Morgan Fisher has a long and interesting musical career. He and I were both born in 1950, but 11 months apart. At the ripe old age of 18 his band The Love Affair scored a #1 UK hit “Everlasting Love” (though in typical fashion for the day, neither he nor his bandmates played on the single). He also began experimenting with electronic music between 1968 and 1972, as well as co-producing Allan Holdsworth’s debut album. Between 1973 and 1977, he was part of the Third Ear Band for a brief period, joined Mott the Hoople in the Bowie years, and guest appeared on many LPs. In the late 70s Morgan set up his own studio and record label where he released Slow Music and the two oddball Hybrid Kids albums. He played keyboards on Queen’s 1982 European tour and then moved to Japan in the mid 80s. Since then, he has continued to record ambient albums and music for art videos, movies, and television. He has also played with local Japanese bands and began his series of light paintings. This past September, he flew back to the UK to perform with Mick Ronson’s daughter Lisa at her record release party.

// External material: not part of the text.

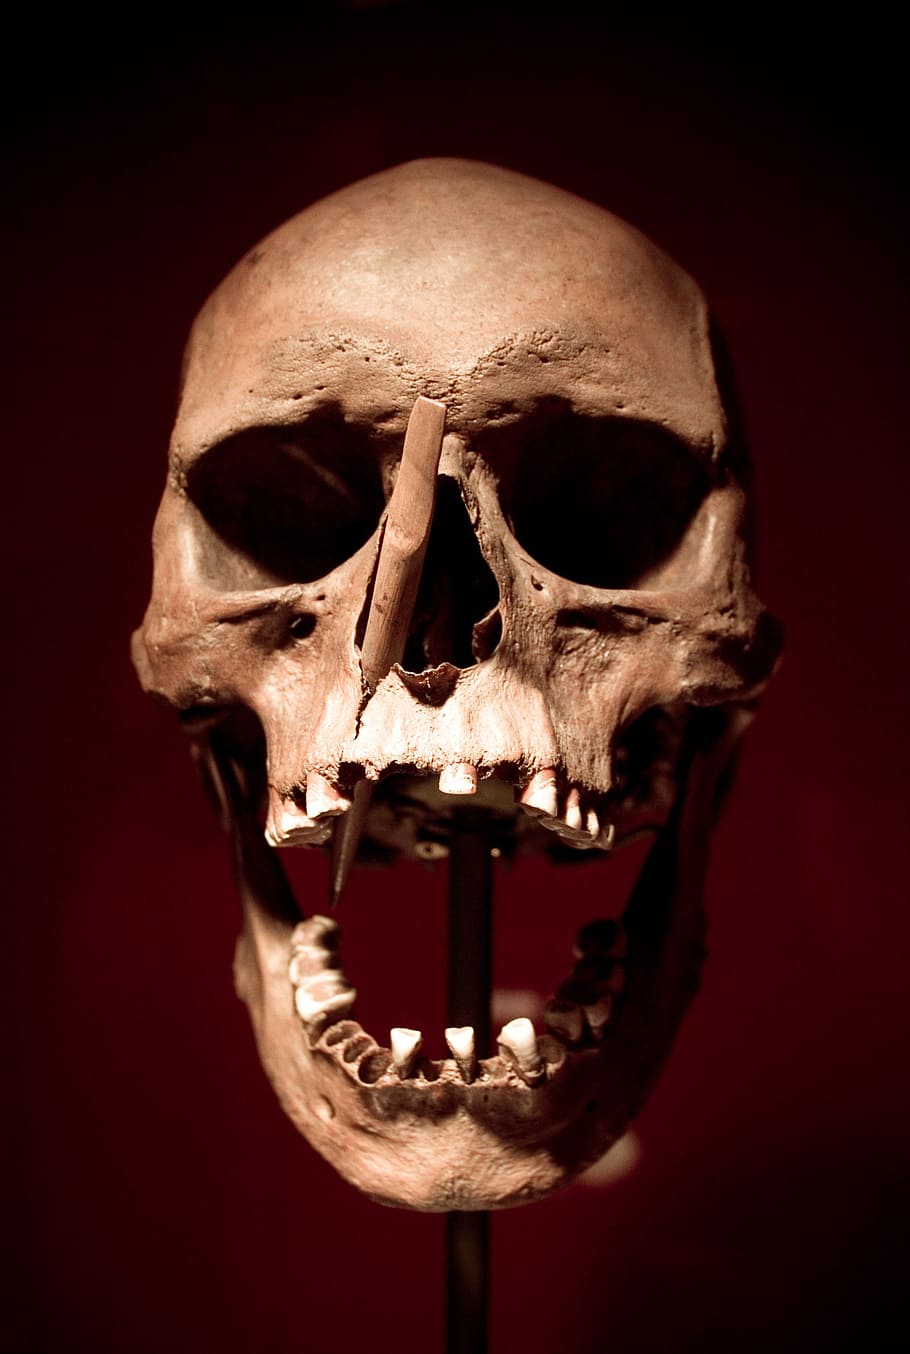 ベージュの頭蓋骨の装飾, 頭蓋骨, どくろ, 死, 骨, クリプト, スケルトン, 矢印, 矢じり, ハロウィーン

by Henry Schneider, Published 2015-11-21
I connected with Morgan on LinkedIn back in April 2015, so I saw that as an opportunity to interview him and further enlighten our readership on his history and recent projects.
Nice to virtually meet you, Morgan. I would like to begin this interview by exploring your early years. What was your earliest musical experience?
BBC radio broadcasts of all kinds, very popular in my family until we got a TV in 1958, when I was 8. Before we had our own TV I’d visit our neighbor each Friday at 6 PM to watch and thrill to the first UK R’n’R show, Six-Five Special.
If the Spanish Inquisition came to your house and demanded that you give them a description of the music you make, what would you say?
Instant composing – which means improvising with attentiveness, not flailing-around improvisation.
Would you please expand on what you mean by improvising with attentiveness? Some examples? Who in your opinion excels at this? In contrast what music in your opinion is characterized by flailing around improv? Isn’t all good improvisation actually improv with attentiveness?
Five questions in one! OK, here goes...
“Improv” aka “Free Jazz” as a genre I find tends to avoid: 1. Melody, 2. Harmony, 3. Rhythm. So it is not really free at all, and can hardly be called music. It is more like catharsis. All very well in its place. I used to find it thrilling, but now it just doesn’t suit me. It’s a matter of taste, I suppose. I’m not trolling so don’t flame me, please!
A second kind of improv is improv on a theme – which is what much of jazz is. Also much Indian music. This can be very creative in the right hands. But there is always that theme that you have to come back to, so it feels rather like a kite on a string – it can never escape from the base.
The third kind of improv, where you really can fly free, is starting with no theme, no plan at all. And not just throwing noises out and seeing what happens – I’m thinking more about playing in a contemplative way, almost praying for the Muse to inspire you then and there, creating a kind of sacred space for something to manifest. At its best it can be instant composing, rather like an artist, having the guts to face the blank page and create not chaos, but beauty, and new every time. This is probably what Bach and Mozart did, in an era before music got so compartmentalized into written versus improv. Keith Jarrett is a known exponent of this approach. It is certainly much easier to do as a soloist. Wayne Shorter now has a band nicely called Without a Net who specialize in group improv. None of us improvisers are totally free; we all have our personalities, habits, favorite licks, etc. But it is an ideal I like to strive for, where one note can lead to the next, without me getting in the way or forcing a sequence onto it. I find that melodies and phrases created (or “received”) in this way usually do not repeat, but continue to flow and change and develop, resulting in some kind of extended musical story that can last for over an hour and end naturally. I sometimes trick myself out of my habits by setting the keyboards and effects up differently every time (so I’m not 100% sure what exactly will happen when I play a note), or using drum machines whose pattern and tempo I don’t exactly know, so it will shove me in a new direction if I’m ever at a creative block. I have to do it in front of an audience so I’m “put on the spot” – and I have to maintain the attitude that there are no mistakes, only new avenues to explore, right now, in this moment.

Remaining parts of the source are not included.